If you want truly authentic Singaporean cuisine, the best places to eat are hawker centres (sometimes called "food centres") and "coffee shops."
Hawker centres were built because the government, at some point, decided to ban street hawkers from selling food in carts on the street. Instead, they insisted that these street hawkers band together and sell their food in proper structures, with plumbing, tables and stools. Unlike many other cities, then, you will not, therefore, find "street food" being sold on sidewalks in Singapore; rather, "street food" is found in the dozens of hawker centres around the metropolis.
These hawker centres know no class boundaries: almost ALL Singapore residents, rich or poor, eat at hawker centres. The same hawker centres where old retirees eat, one leg propped up on the bench, are also the places where business executives in neckties and powersuits come for lunch. And the food, of course, is cheap: SGD 2 to SGD 5 buys you a satisfying meal.
The other place to find authentic Singaporean cuisine is the "coffee shop." No, these are not European cafes; rather, a "coffee shop" is a restaurant on the ground floor of a building--usually an old shophouse building--with no walls or doors separating establishment from the sidewalk. The chairs and tables, then, are in the open air, and they spill out onto the sidewalk.
Hawker centres and coffee shops are not for the prissy traveler. Strict government standards ensure that the food is clean, but some tourists might be turned off by the cheap plastic plates and cups, the sometimes-muddy floors, the lack of air-conditioning, and the noise and chaos of it all.
The faint-stomached traveler, then, might prefer to go to the hundreds of restaurants in the city that boast of selling Singaporean fare. These are the restaurants with porcelain plates, printed menus, and waiters to bring you your food. Food prices are correspondingly more expensive, of course.
And *what* is there to eat? The gastronomical spectrum of Singaporean food is too large to enumerate. My own personal favorites include Hainanese chicken rice ($2.50, and available at any hawker centre in the city), Nyonyang-style fishhead curry (more difficult to come by, this is available at "barbeque seafood" stalls and restaurants, which are often only open for dinner), chili crab (also available at searood restaurants and at some hawker centre stalls), fried baby sotong (squid), and roti prata (Indian flatbread that also has a Malaysian counterpart, roti canai). Other classics include nasi lemak (Malaysia's "national dish": rice steamed in coconut water), char kway teow (a Chinese-Malay noodles dish), mi goreng (another Chinese-Malay noodles dish).

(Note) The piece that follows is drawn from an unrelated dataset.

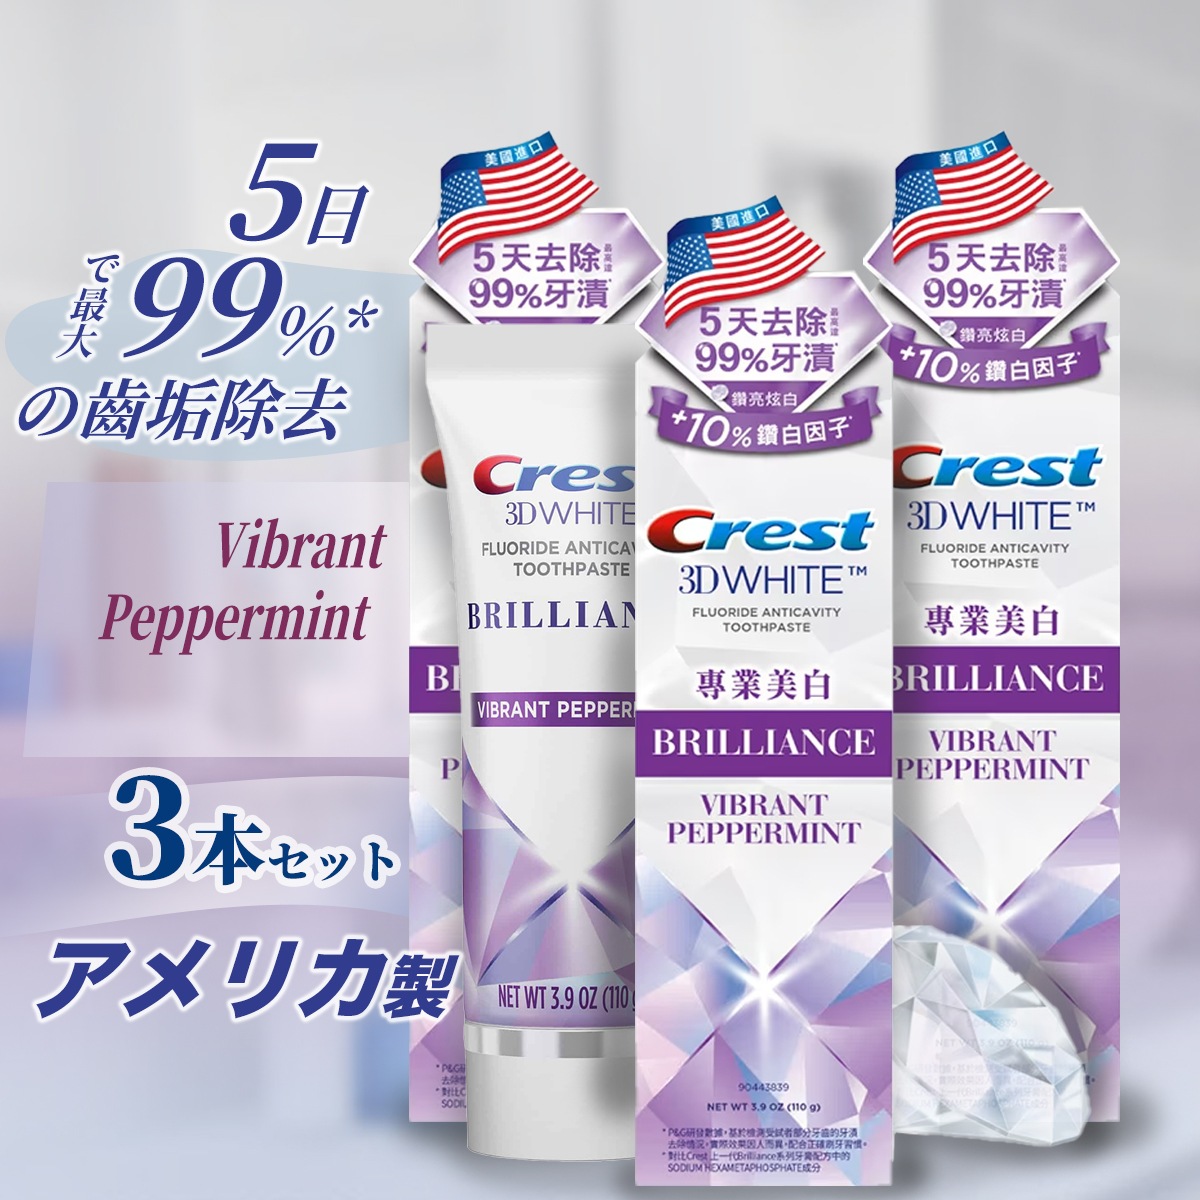 実物 米国正規品 最新Crest 3D White 歯磨き粉 99g 1本

What you *shouldn't* do, however, is to limit yourself to the Ministry of Tourism brochures that tells you where to eat. Sure, there are some good eateries in these brochures, but my best gastronomic experiences in Singapore have been in places not listed in any tourist brochure.
Some people say you can see everything there is to see in Singapore in a day or two. I'm not sure if that's true. I am sure, though, that an entire MONTH in Singapore is not enough to experience all the food wonders it has to offer.